[[ THE DATA, beginning ]]

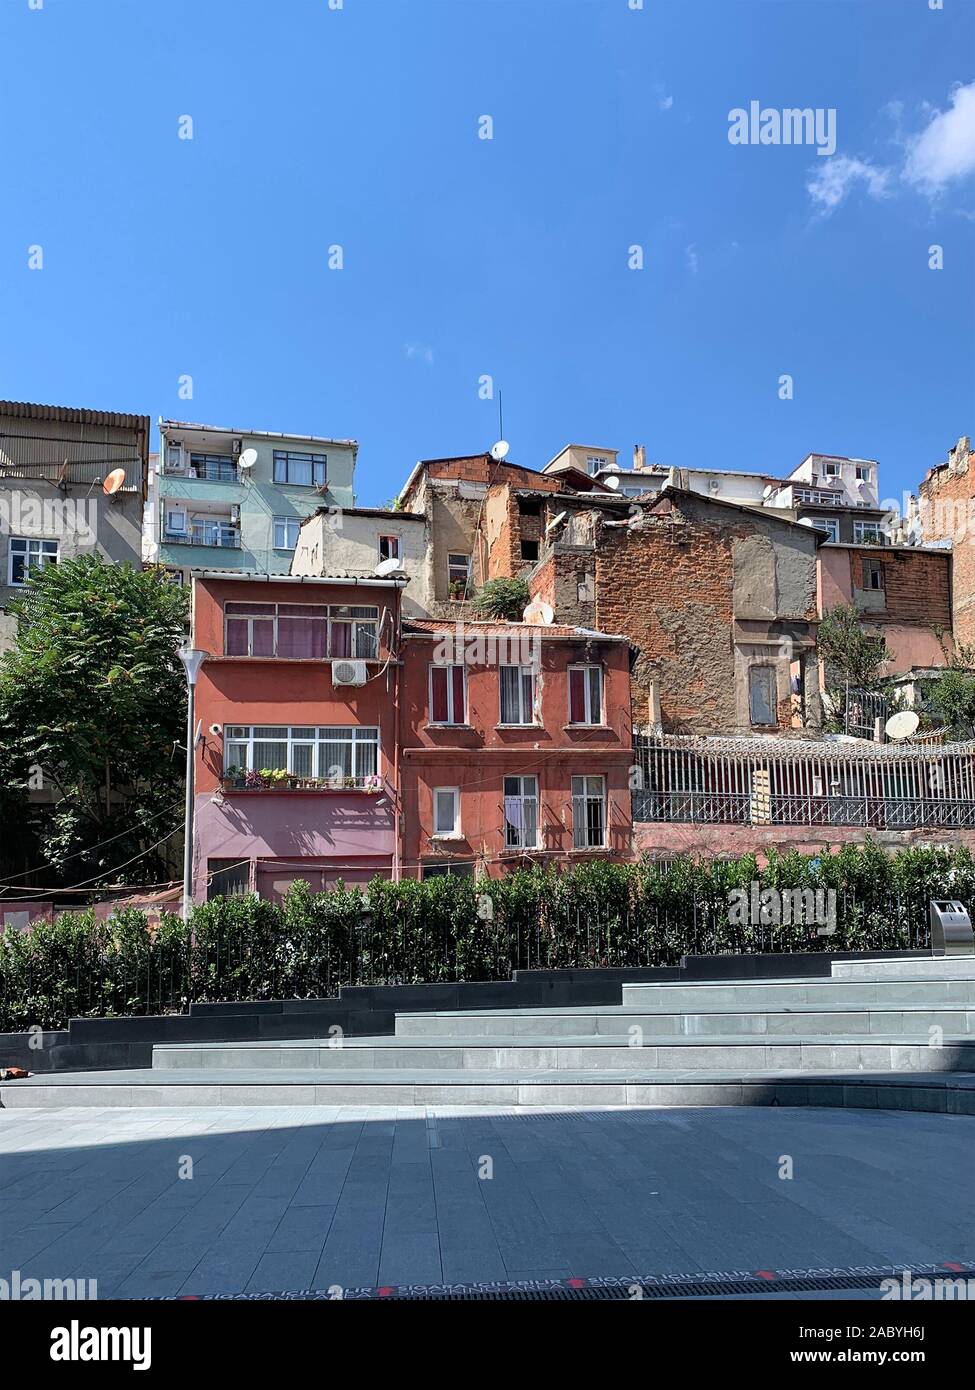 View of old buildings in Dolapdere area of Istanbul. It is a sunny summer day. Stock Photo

[[ THE DATA, end ]]
[[ THE DATA, beginning ]]

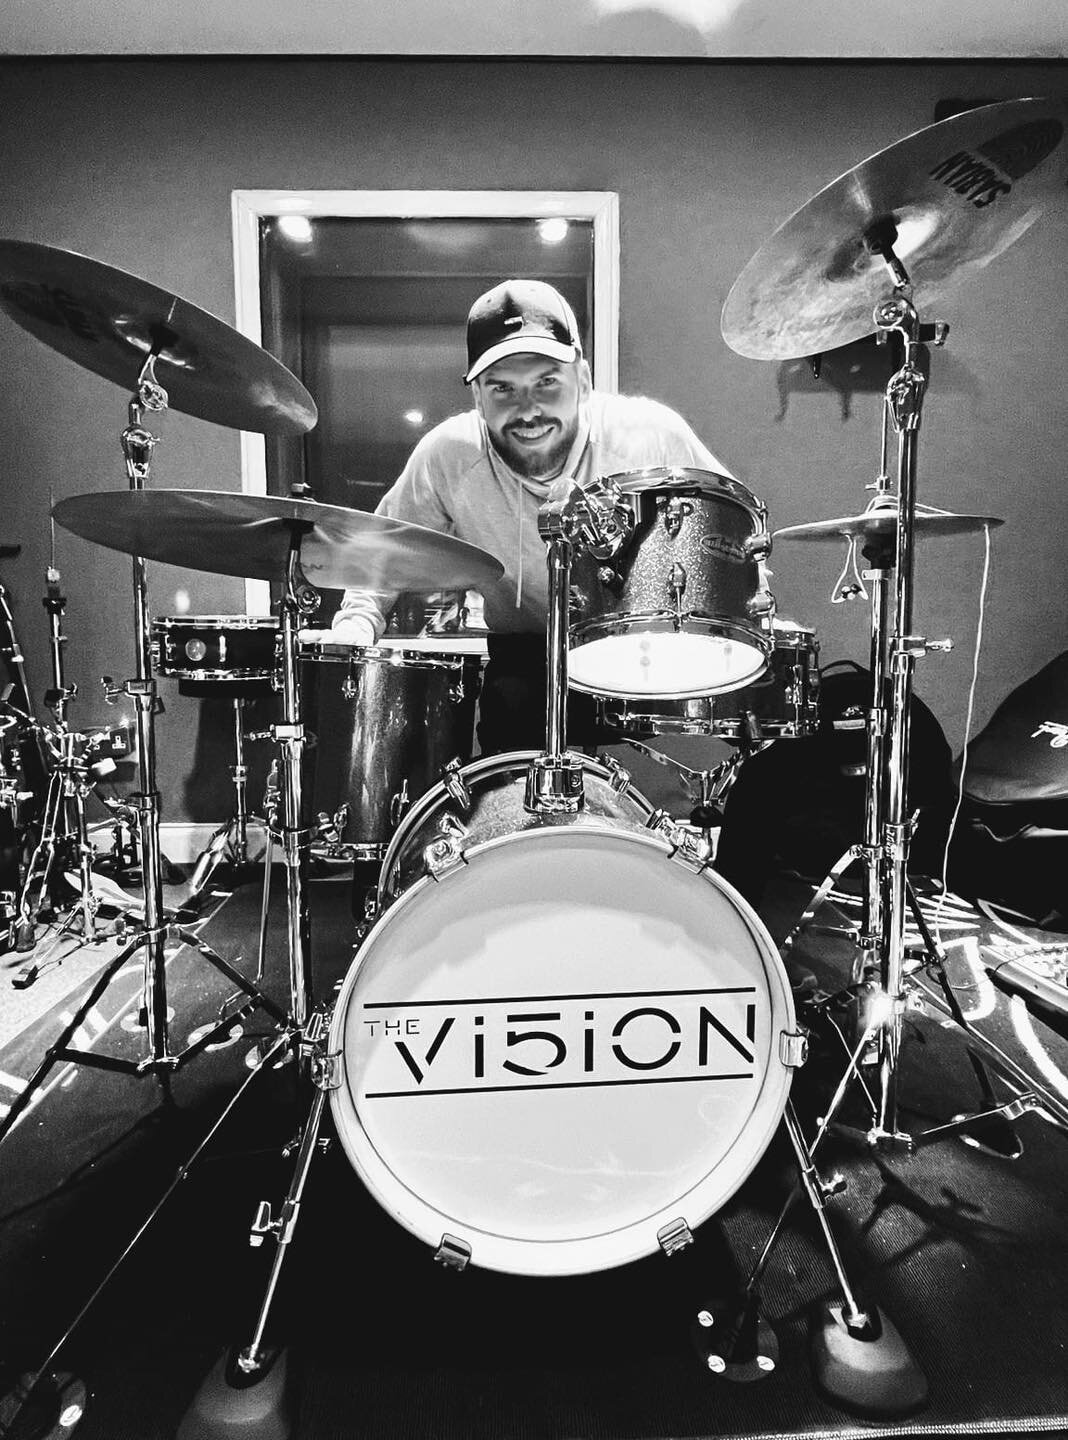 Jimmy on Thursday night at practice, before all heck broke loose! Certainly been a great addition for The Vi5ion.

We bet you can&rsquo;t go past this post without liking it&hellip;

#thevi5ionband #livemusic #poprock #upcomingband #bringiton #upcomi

[[ THE DATA, end ]]

EXERCISE: Print, exactly and with no pictures, the lines of the listing above starting at the one that has "Jimmy on Thursday" and ending at the one that has "#thevi5ionband #livemusic #poprock", both included.

ANSWER SPACE:
 Jimmy on Thursday night at practice, before all heck broke loose! Certainly been a great addition for The Vi5ion.

We bet you can&rsquo;t go past this post without liking it&hellip;

#thevi5ionband #livemusic #poprock #upcomingband #bringiton #upcomi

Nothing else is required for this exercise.